И когда Римма, удивленная, обернулась, добавил, протягивая руку с мелочью:
– Совсем на фиг застыл! Вон лавка через дорогу! – он смотрел на нее, просительно улыбаясь. – С утра стою!
Римма кивнула, машинально взяла монетки из его руки и пошла через дорогу к лавке. Она шла и улыбалась, вспоминая, как этот парень назвал ее «сестренкой» и на «ты» и дал деньги – сгоняй за кофе, а?
Она купила кофе, постояла немного, дожидаясь зеленого сигнала светофора. Подошла к парню, отдала кофе и протянула мелочь. За кофе она заплатила сама.
– Спасибочки! – парень шутовски поклонился и отхлебнул из бумажного стаканчика. – Горячий, черт!
Римма стояла перед ним, не торопясь уйти, раздумывая.
– Ты пьешь? – вдруг спросила она.
– Как все! – не удивился парень.
– Почему не работаешь?
– Да кому ж я нужен такой? – он искренне удивился. Римме понравилось, что в его тоне не было жалобы.
– Работать хочешь?
– Ну… – протянул инвалид, – а что делать-то надо?
– Приходи, поговорим! – она сунула ему в руку свою визитку. – Придешь? По этому адресу, завтра с утра, часиков в одиннадцать, лады? – она скользнула взглядом по его красным ручищам. Ей нужен был мастер в «Вернисаж» – то полку укрепить, то раму поправить, одним словом, мужская рука нужна была.
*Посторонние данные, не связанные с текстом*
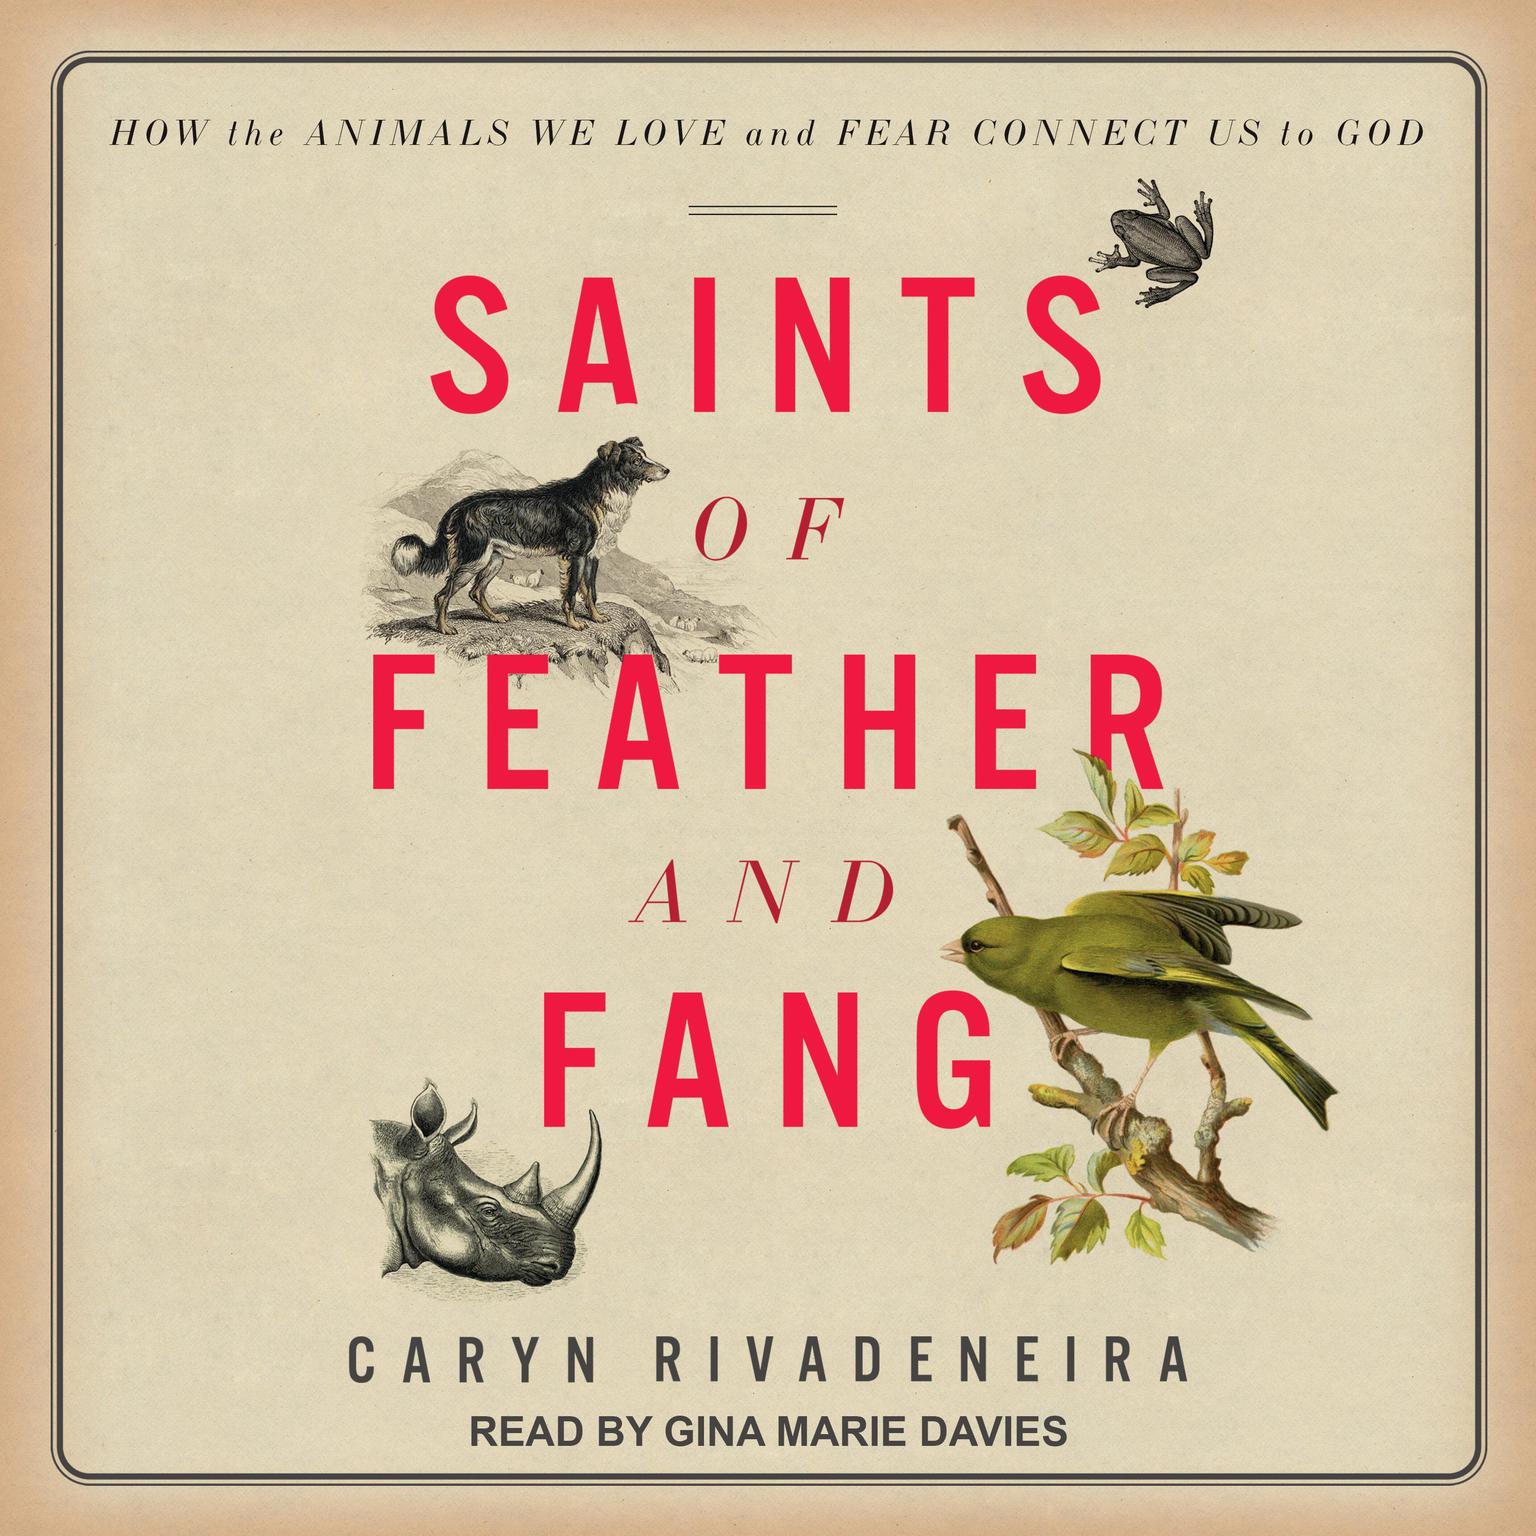 Saints of Feather and Fang: How the Animals We Love and Fear Connect Us to God Audiobook, by Caryn Rivadeneira
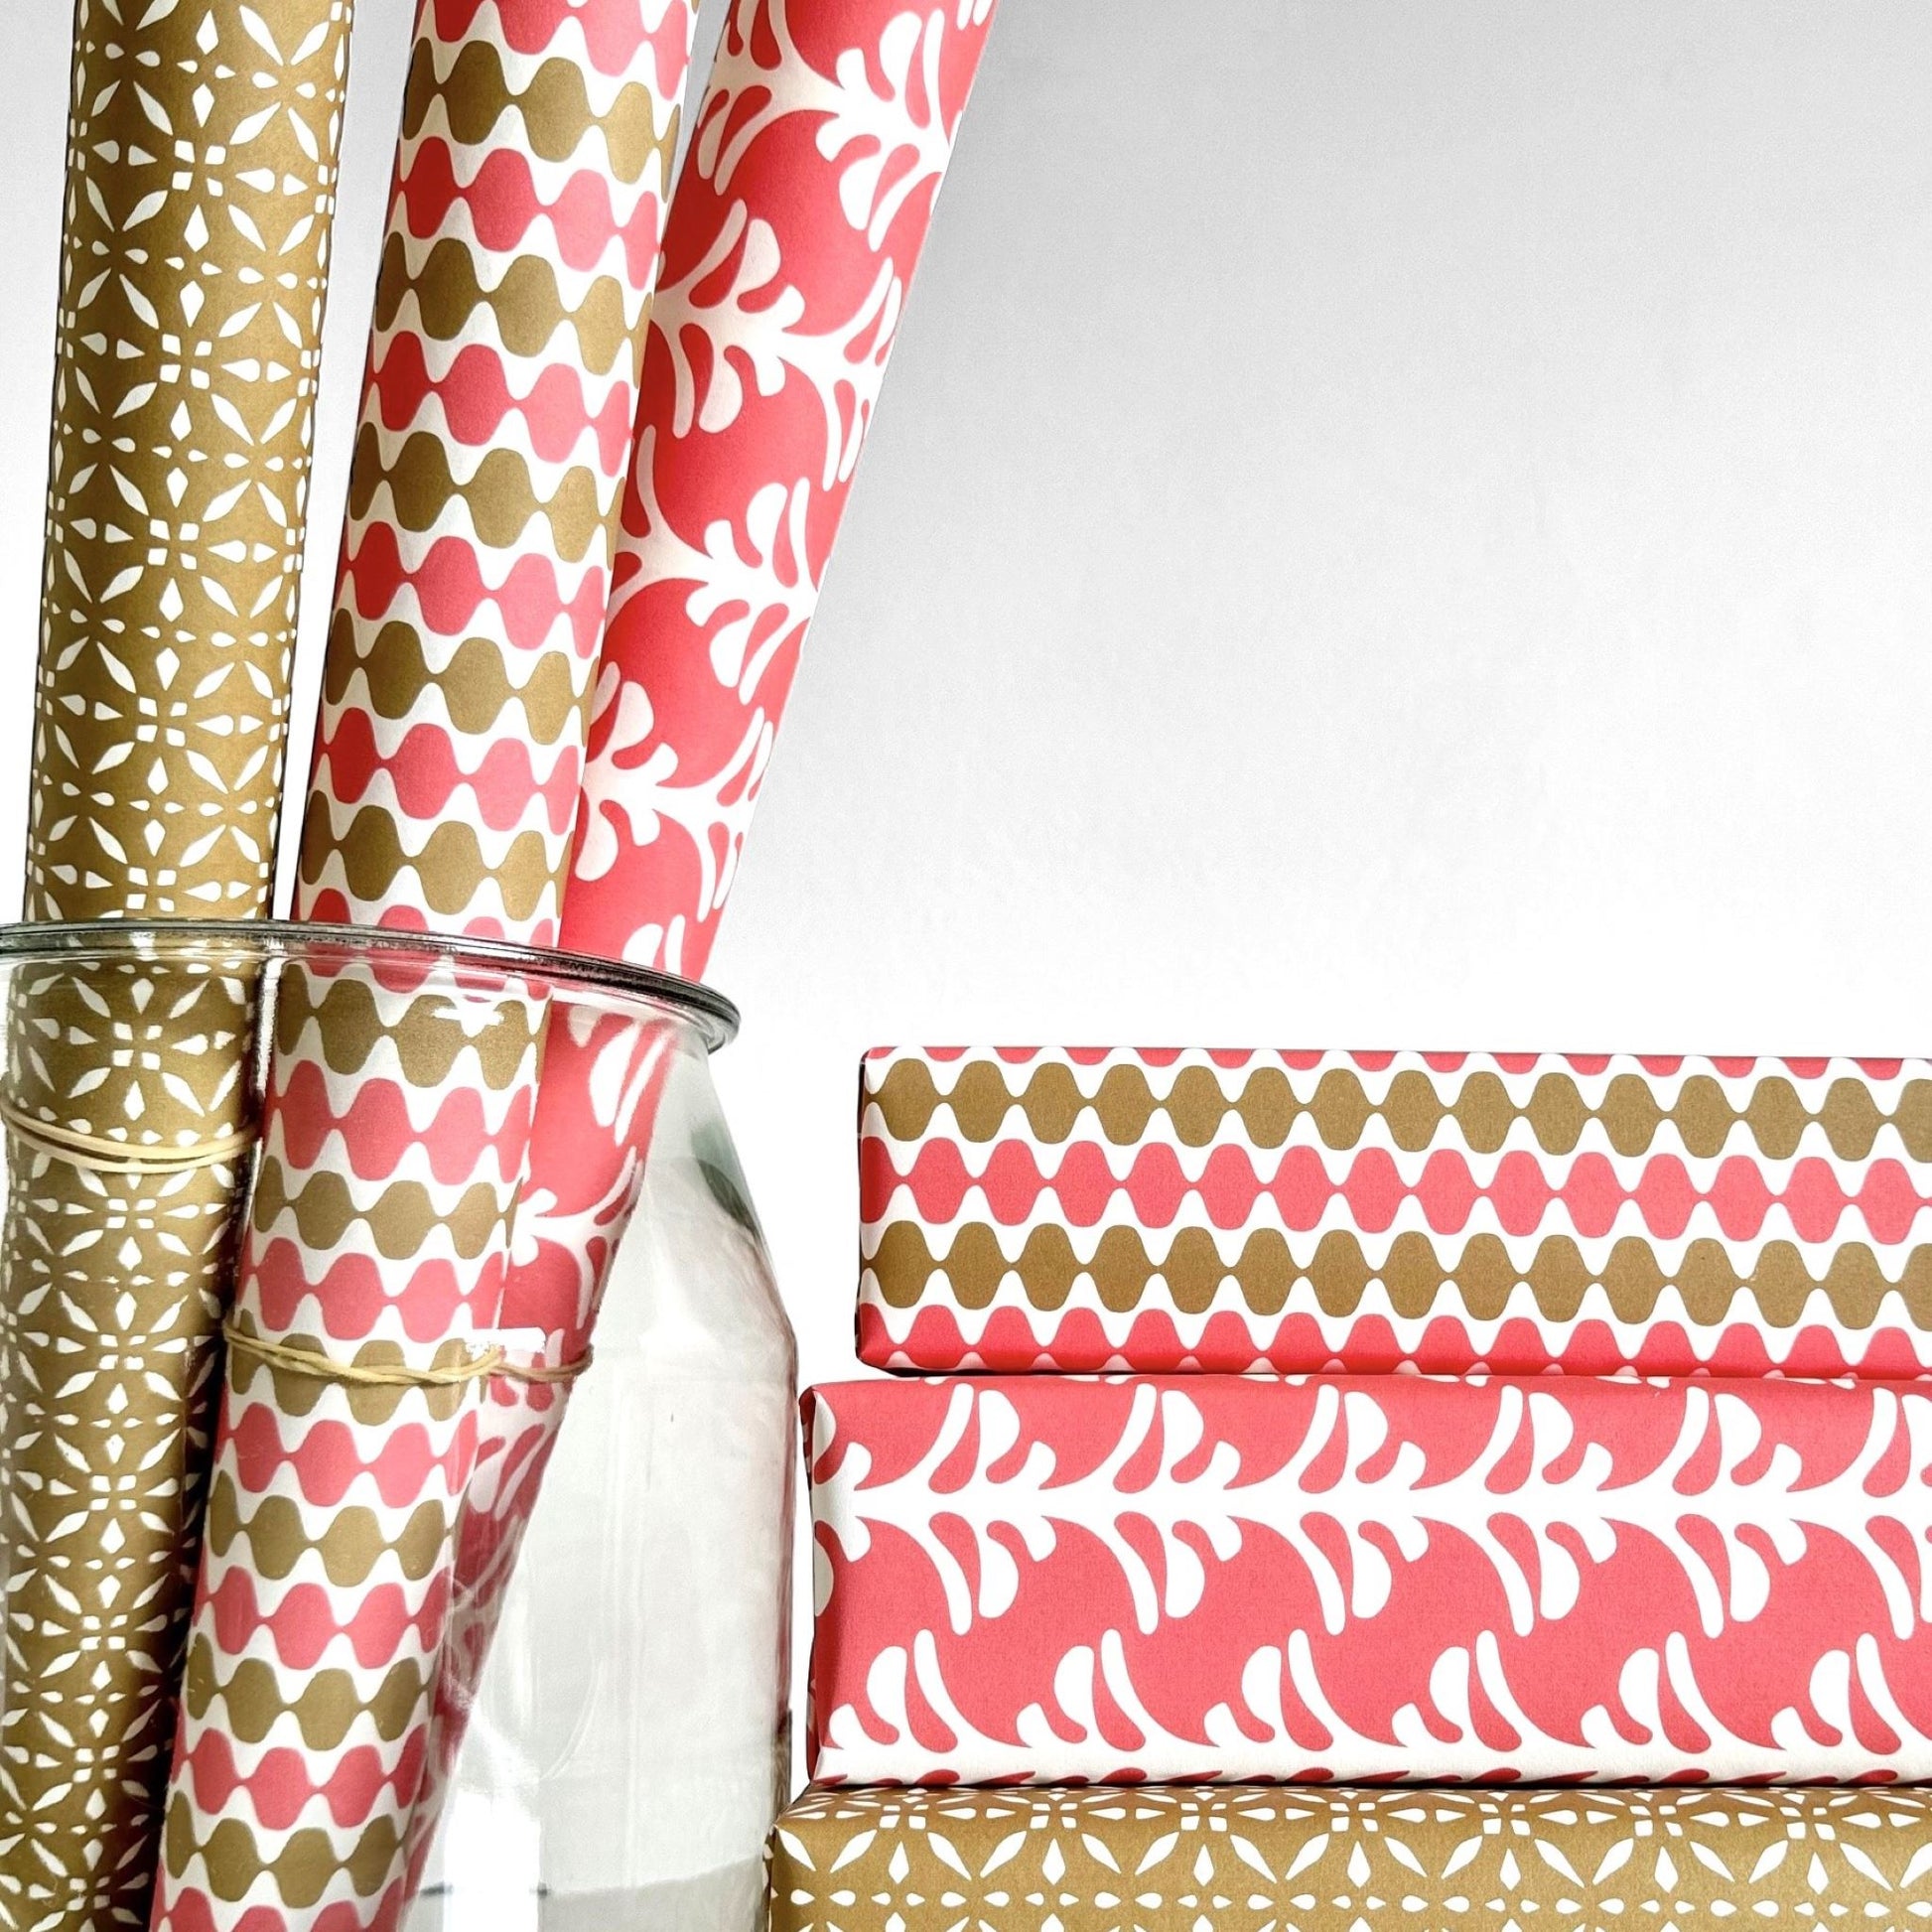 wrapping paper by Otto Editions with a cut-out palm design in white on a coral pink background. Pictured wrapped as a present alongside other designs

Василий Игнатич, который приходил помогать два раза в неделю, уехал к сыну на Дальний Восток… Здоровый мужик к ним не пойдет, а этот… очень даже! – Тебя как зовут? – спросила она.
– Петр Михайлович Береза!
– Жду, Петр Михайлович, завтра.
– Слушаюсь! – парень шутливо отдал честь. – А вы кто ж будете? – Он перешел на «вы».
– Совладелица художественного салона! – Римме нравилось рекомендовать себя именно так, «с понтом под зонтом», как говорил Игорек. «Ни зонтов, ни понтов! – отвечала она Игорьку. – Истинная правда и ничего, кроме правды. Волоша давно предлагает… были б деньги!»
– Ого! – парень присвистнул. Он так удивился, что забыл про кофе. – А что делать надо? – снова спросил он.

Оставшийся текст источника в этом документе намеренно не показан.